Alexander R Pruss said...

But the far may be more objective while the near more subjective, in this sense, and if it is the objective that we align with the real, then the far is the more real.

JSA said...

Yes, it seems that "far" is more objective, but people probably vary widely on whether their definition of "more real" aligns with objective or subjective, in this sense. For example, I might say "Those rioters are all criminals! They should be shot on sight!", while also protesting, "My little brother wasn't hurting anyone when he TP'd the principal's lawn! He's just a young kid with a lot of energy". In the former case, I'm being objective by dealing with hypothetical rioters. In the latter case, it's more subjective because it's not hypothetical.

Jarrett Cooper said...

I'd categorize myself as saying the past was once real (in the sense at one point the past was a now or present), but is no longer.
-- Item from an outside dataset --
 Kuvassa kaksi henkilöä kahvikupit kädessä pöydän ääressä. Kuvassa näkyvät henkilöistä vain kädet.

The future simply never arrives. The future is like tomorrow--it never comes.

So, I'd take issue with 2. Once you think you reach the future, you're merely at the present (the now).

I also need some clarification with regards to the word "real" that is being used in 1 and 3. Does real, in this case, mean actual? If so, this can raise some important issues.

B.C. Rudisill said...

Dr. Pruss, do you think we should think of the future as something we get to rather than as something that gets to us--or, maybe better, the future as something that only indirectly affects us by its unintended relation to us?
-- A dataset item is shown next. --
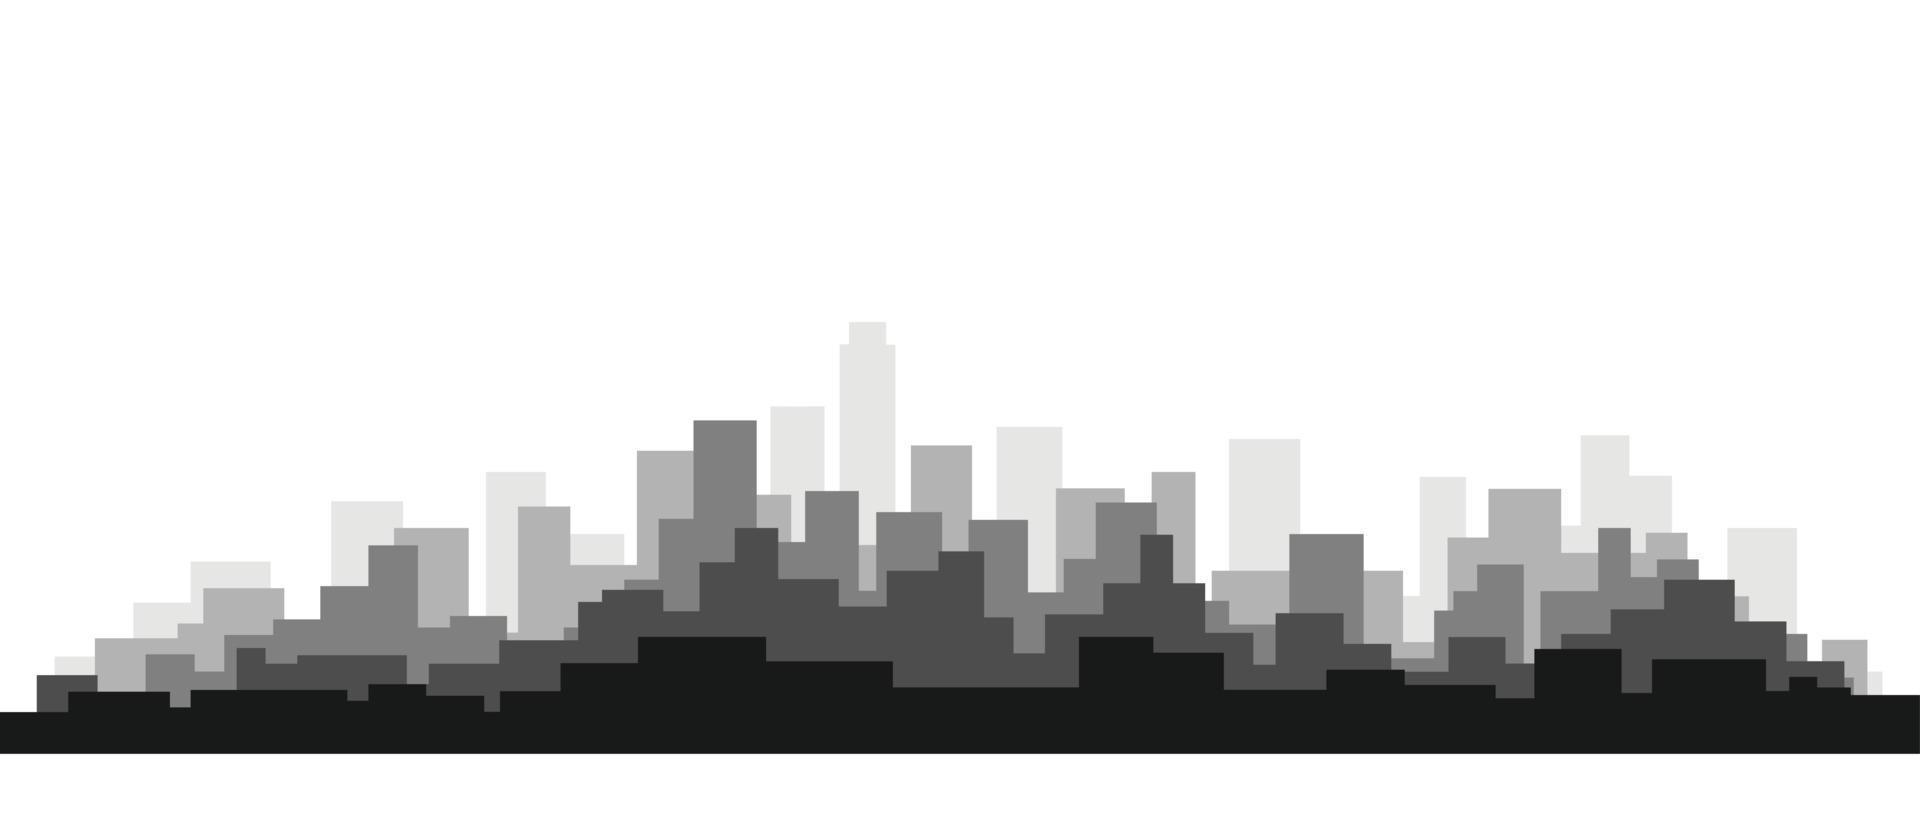 enkelhet modern stadsbild silhuett på vit bakgrund. vektor

Moreover, do we get to the future (or vice versa) since at the moment we "arrive" there it is the present? Which may beg the question as to whether we actually arrived there in the first place (or vice versa).

Alexander R Pruss said...

I think neither. We exist in the past, present and future. What we call future is future relative to a particular time. Relative to a later time it's present, and relative to an even later time it's past.

Jarrett Cooper said...

Prof. Pruss,

Is there any works you endorse that would lay out this view? Is Ted Sider's Four-Dimensionaism possibly one?

To be clear: You believe we only exist at one particular time--though this time is relative to other particular times--and this thereby allows us to say we exist in the past, present and future based on the relation of the other times?

I don't have a problem with this view, though it seems that you're denying any objective standard of time (i.e., an objective present). Does one need to deny an objective present time? For example, I can make a point on a graph and say the point is relative to other points on the graph; however, at the same time the point on the graph occupies an objective space. Right? (Or does this further prove your point, b/c the space the point occupies is based on the arbitrary decision which we create to be the x-axis and y-axis?)

Jarrett Cooper said...

Apologies. The book by Ted Sider is Four-Dimensionalism. Spell check took off the l.

Alexander R Pruss said...

I think we exist at every time during our lives, not just our lives.

My current view is that I am a four-dimensional entity, without any parts.